Extracted records:
-----
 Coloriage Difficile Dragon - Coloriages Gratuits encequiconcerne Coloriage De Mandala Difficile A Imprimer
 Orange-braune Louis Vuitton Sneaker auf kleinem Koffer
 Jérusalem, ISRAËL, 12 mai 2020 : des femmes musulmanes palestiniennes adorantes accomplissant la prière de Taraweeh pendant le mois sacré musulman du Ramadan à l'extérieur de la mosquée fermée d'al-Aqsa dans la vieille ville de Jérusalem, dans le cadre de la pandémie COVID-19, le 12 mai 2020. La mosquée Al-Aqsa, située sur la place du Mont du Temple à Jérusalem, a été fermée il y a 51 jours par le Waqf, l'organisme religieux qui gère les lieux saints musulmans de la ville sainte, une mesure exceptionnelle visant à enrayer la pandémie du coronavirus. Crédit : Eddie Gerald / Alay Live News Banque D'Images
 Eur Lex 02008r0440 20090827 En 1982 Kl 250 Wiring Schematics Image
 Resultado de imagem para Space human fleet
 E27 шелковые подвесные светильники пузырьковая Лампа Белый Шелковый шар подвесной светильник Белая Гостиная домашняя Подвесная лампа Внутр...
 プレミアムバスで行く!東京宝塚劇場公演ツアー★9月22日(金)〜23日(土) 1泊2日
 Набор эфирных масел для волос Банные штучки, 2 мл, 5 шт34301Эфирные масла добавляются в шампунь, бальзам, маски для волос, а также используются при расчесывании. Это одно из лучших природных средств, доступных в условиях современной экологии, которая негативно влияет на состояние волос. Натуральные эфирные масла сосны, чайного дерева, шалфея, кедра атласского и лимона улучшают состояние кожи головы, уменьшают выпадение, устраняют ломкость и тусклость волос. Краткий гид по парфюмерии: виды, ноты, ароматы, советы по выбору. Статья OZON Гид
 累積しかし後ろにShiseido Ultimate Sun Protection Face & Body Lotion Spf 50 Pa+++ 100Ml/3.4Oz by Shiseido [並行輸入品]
-----
Your task:
Reproduce only the lines above, starting at the line with "Orange-braune Louis Vuitton" and ending at the line with "Eur Lex 02008r0440", exactly as written.

Expected output:
 Orange-braune Louis Vuitton Sneaker auf kleinem Koffer
 Jérusalem, ISRAËL, 12 mai 2020 : des femmes musulmanes palestiniennes adorantes accomplissant la prière de Taraweeh pendant le mois sacré musulman du Ramadan à l'extérieur de la mosquée fermée d'al-Aqsa dans la vieille ville de Jérusalem, dans le cadre de la pandémie COVID-19, le 12 mai 2020. La mosquée Al-Aqsa, située sur la place du Mont du Temple à Jérusalem, a été fermée il y a 51 jours par le Waqf, l'organisme religieux qui gère les lieux saints musulmans de la ville sainte, une mesure exceptionnelle visant à enrayer la pandémie du coronavirus. Crédit : Eddie Gerald / Alay Live News Banque D'Images
 Eur Lex 02008r0440 20090827 En 1982 Kl 250 Wiring Schematics Image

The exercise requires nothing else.